Three mini-posts
A few interesting tech pubs-related events for me this week:
- a terrific case study webinar on doing tech pubs within an Agile development model, hosted by CIDM and presented by Bill Gearhart and Mike Wethington
- a LinkedIn discussion I started on the topic of socializing technical content that fizzled, which was illuminating in its own way
- an article by Joel Spolsky on ReadWriteWeb here, which prompted me to visit Stack Overflow for the first time in awhile to see how the site is developing
Tech Pubs and Agile Development – Agile development is a big, hot, topic these days; and if you write for a young company, your development peers are probably wanting to use some form of Agile methodology. If you work for an older, larger company, it’s only a matter of time before Agile pilot projects start spinning off. If no one in your company is talking about Agile, you still owe it to yourself to learn about this methodology, and if you think it can work better than what you are doing now, you can even implement it independently within tech pubs and start evangelizing to development. Imagine that. I’ll devote an entire post to the webinar and the implications of Agile for tech pubs within the next few days.
LinkedIn Discussion; Do you socialize technical content? – I posted this because I read and contributed to a discussion in this same group about where tech writer jobs have gone. That discussion now has well over 120 comments, many of which made me cringe – there are too many tech writers stuck in a victim-hood mentality, willing to use a lot of energy venting and bemoaning their fate. I wondered how the same population would respond to a suggestion that involves adapting to new environments, namely the popularity of social media, and exploring how that might impact their profession… That discussion has 11 comments, 1.5 are jokes, one misunderstands the question, and I think 4 are my responses… Should I be discouraged?

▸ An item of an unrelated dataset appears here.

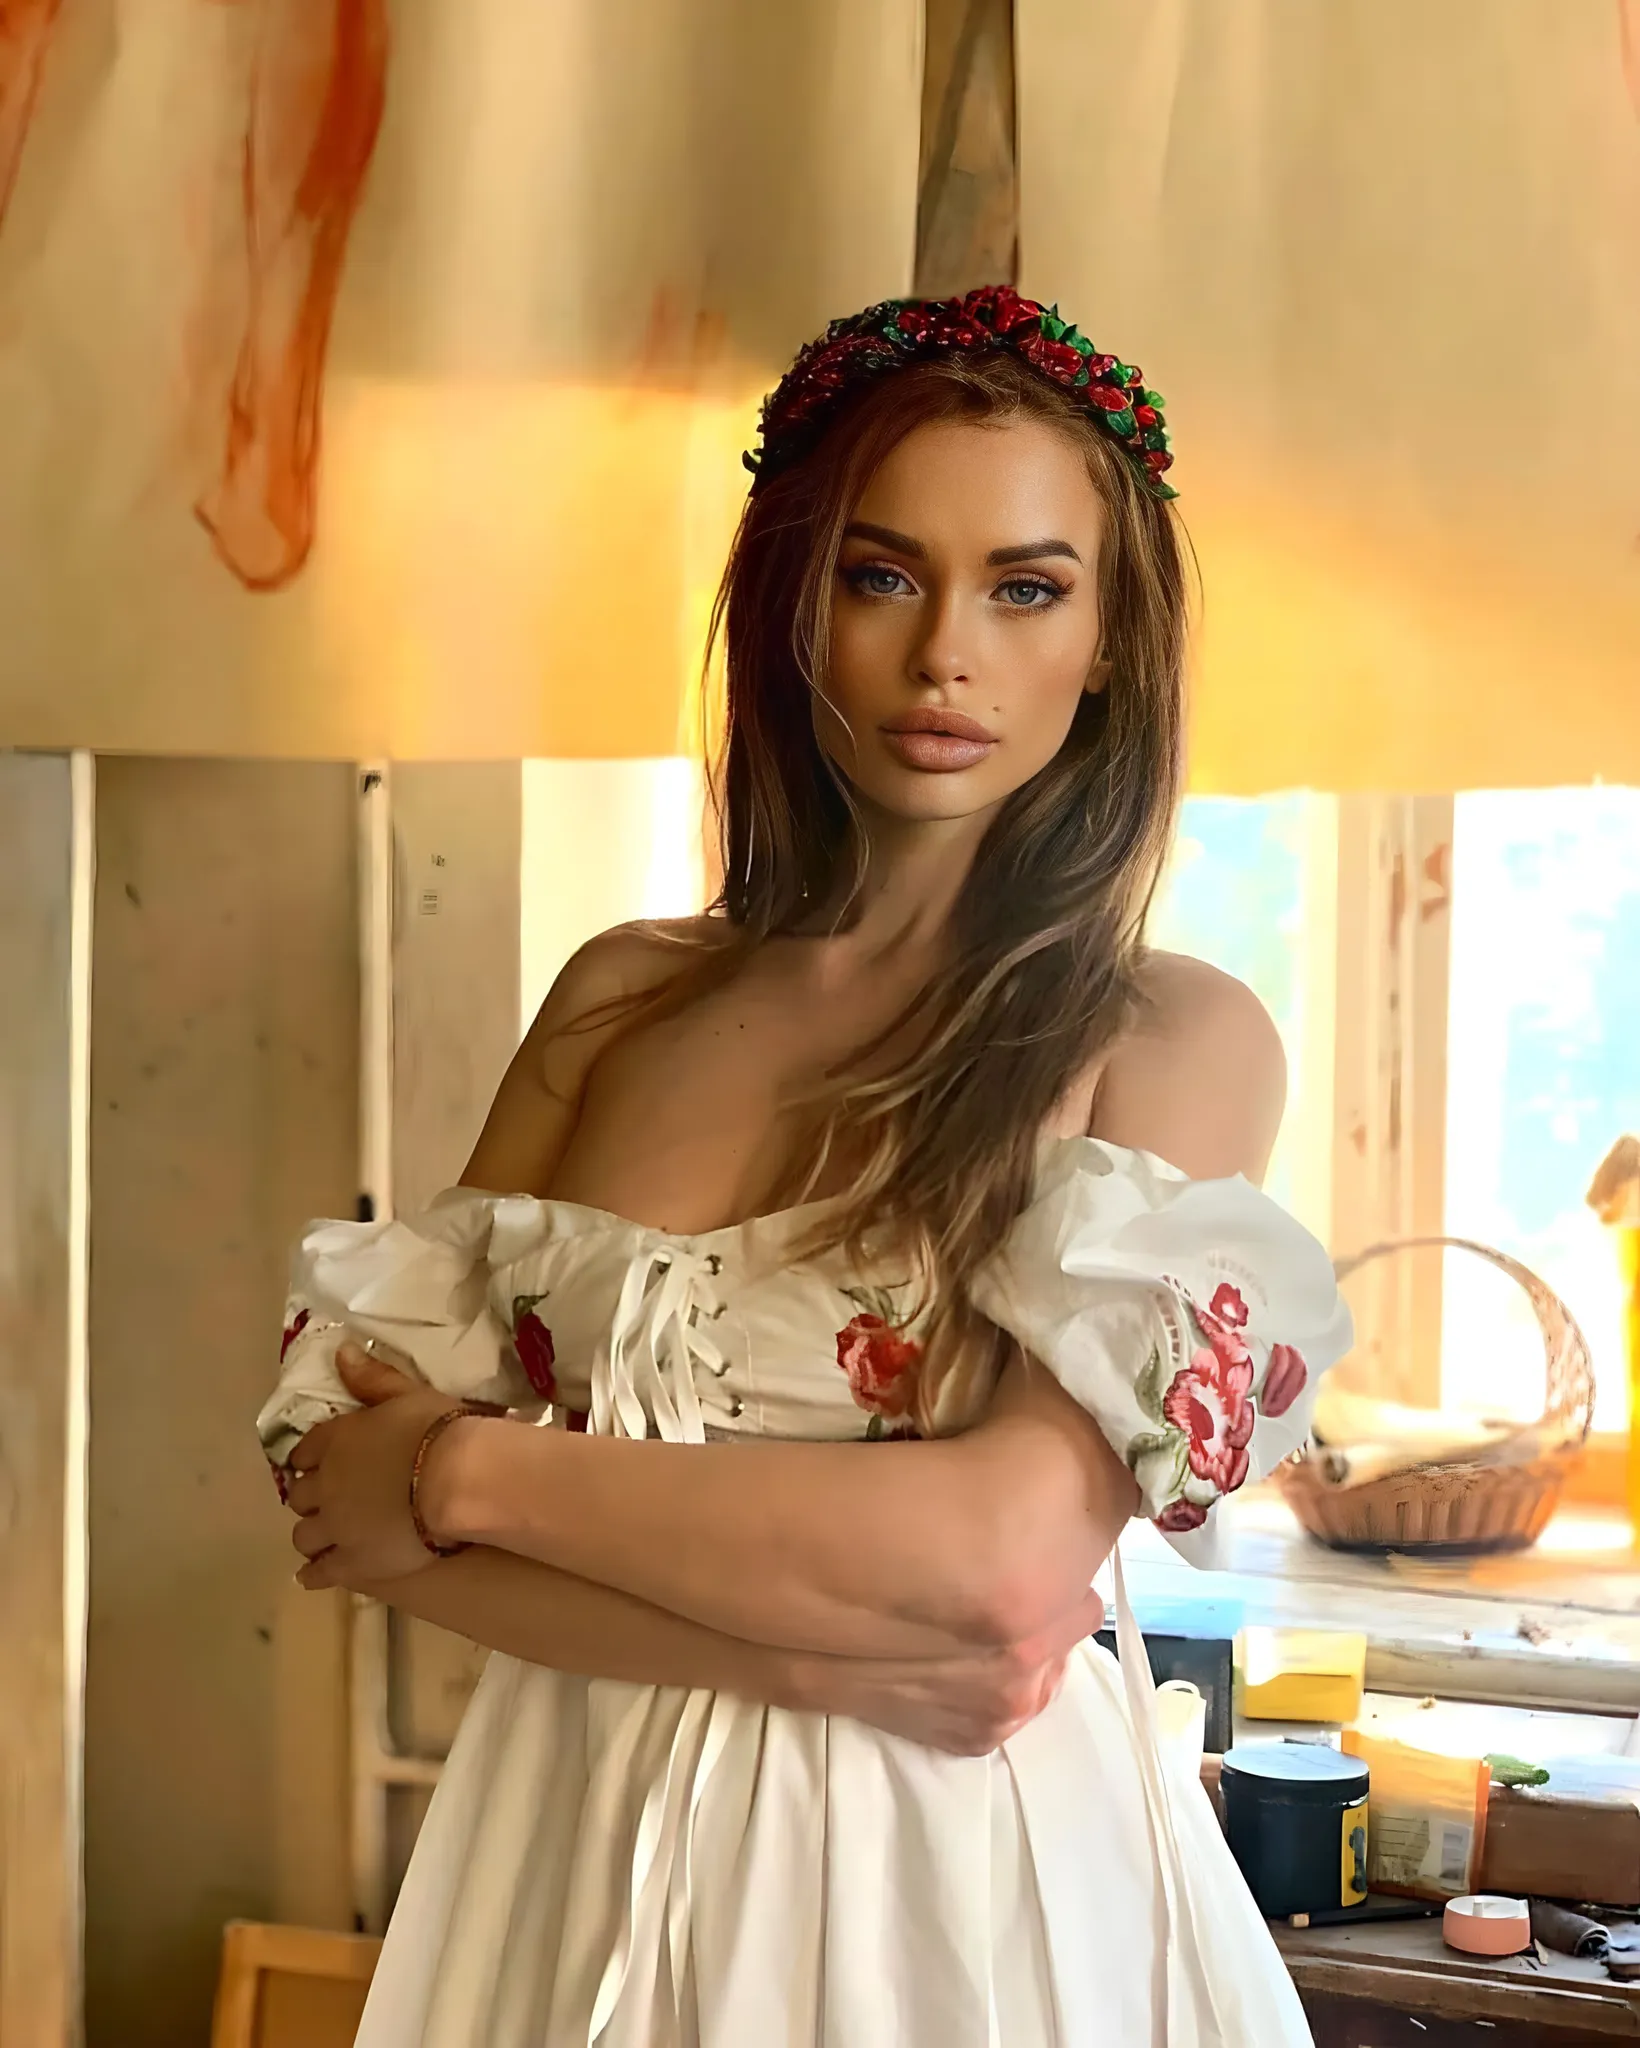 Julia russian dating ads

Stack Overflow - If you haven’t visited, do so. Unless you are a developer, you won’t find much there to engage with (although I did stumble across a discussion of LaTex (!), which I hadn’t thought much about in years, and which I didn’t realize still has currency – have to look into why that is…). Anyway, Stack Overflow is a programming question and answer site, and it’s working pretty well. I think tech writers should look at it and think: ok, how can we build a channel like this into our doc site? If you publish topic-oriented content to a web site, imagine a mini Stack Overflow that ties into your content, and that is owned and operated by Tech Pubs. Yes, that means getting the resources to create and manage sophisticated web applications, and somebody will have to pay for it. Tech pubs people should be talking together to help each other understand and meet these kinds of challenges, not expending energy on nostalgia for the past, resentment of the present, and fear of the future.